Canadian constitutional law is the area of Canadian law relating to the interpretation and application of the Constitution of Canada by the courts. All laws of Canada, both provincial and federal, must conform to the Constitution and any laws inconsistent with the Constitution have no force or effect.
In Reference re Secession of Quebec, the Supreme Court characterized four fundamental and organizing principles of the Constitution (though not exhaustive): federalism; democracy; constitutionalism and the rule of law; and respect for minorities.

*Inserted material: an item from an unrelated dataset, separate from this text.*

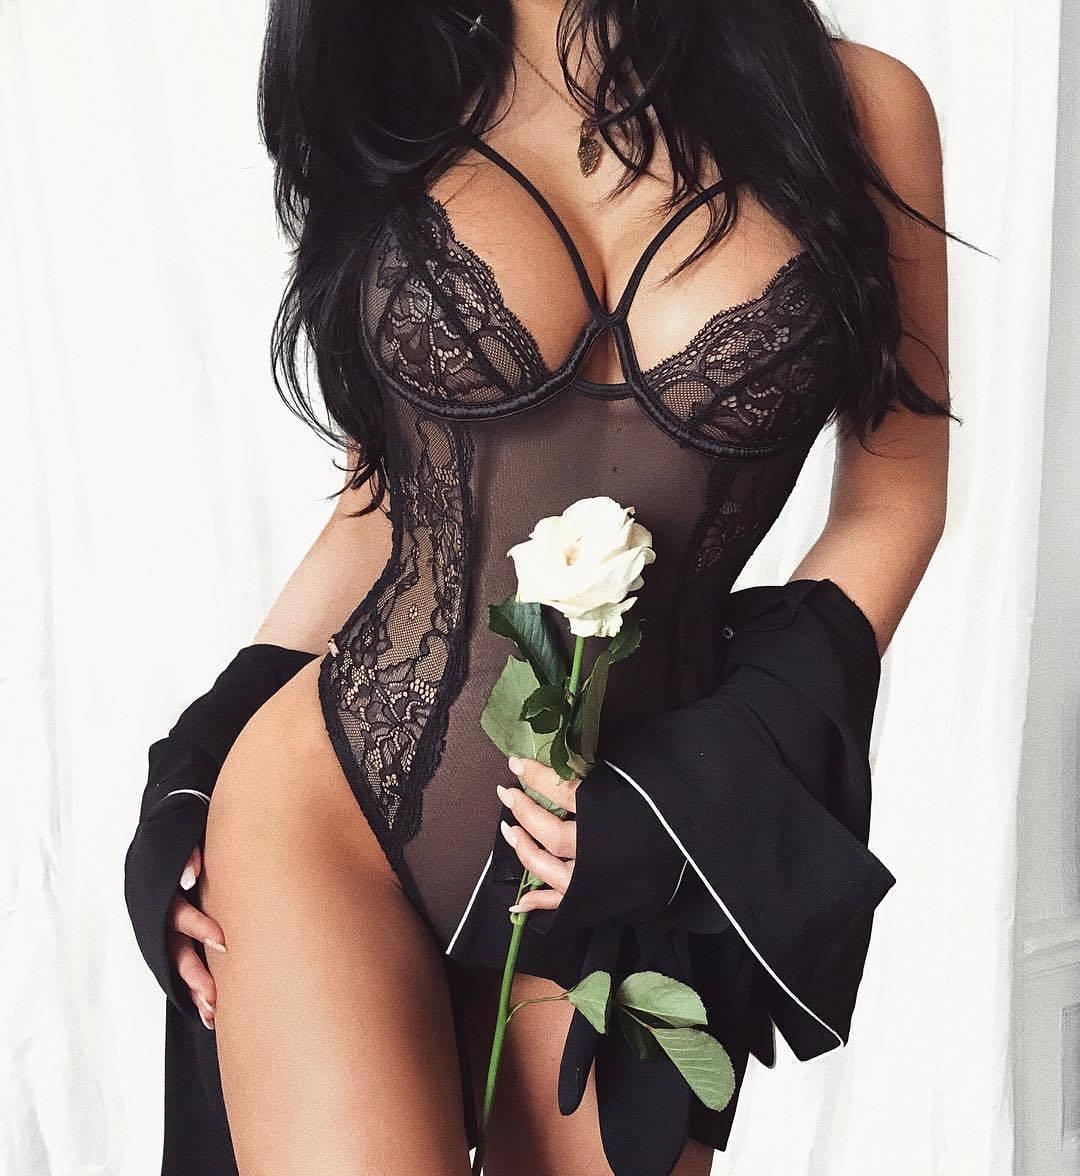 HIRIGIN Women Bodysuit Sissy/Sexy Lingerie Lace Babydoll Thong Nightwear Sexy Underwear S-XXL
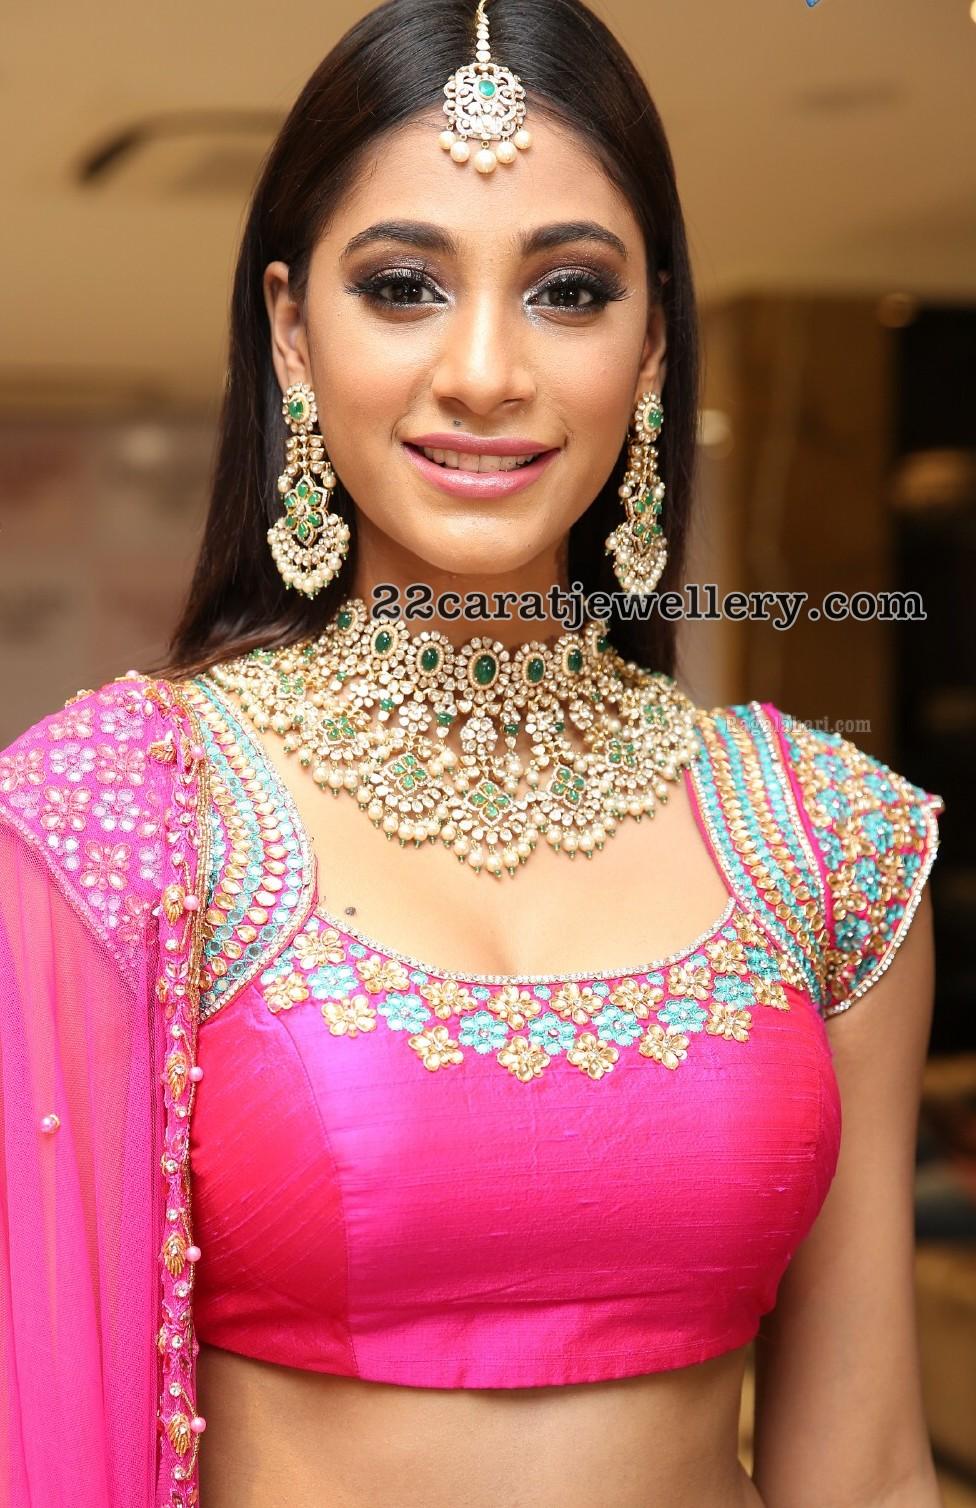 Akruthi Vyas Heavy Polki Diamond Necklace Jewellery Designs

Under the authority of section 52(1) of the Constitution Act, 1982, courts may review all matters of law. Accordingly, the courts have a broad reaching scope of competence. Constitutional issues come before the court through disputes between parties as well as through reference questions. The court has the discretion to hear any Constitutional issues as long as there is a sufficient legal component. The US constitutional political questions doctrine was rejected and so a political dimension to the issue does not bar it from court.
Courts must be careful when considering reference questions. They are required to be careful to only answer questions that are not speculative, of a purely political nature, or unripe. When answering the questions the court must retain its proper role within the constitutional framework.
A party must have standing (locus standi) to bring a constitutional challenge to the courts. Those who wish to challenge a law can do so in one of several ways. A party who is directly affected by the law that purports to be unconstitutional has standing . Likewise, rights holder may challenge any law that will limit any of their rights. Those who are not protected by a right but are nonetheless prosecuted by that law may challenge it as well.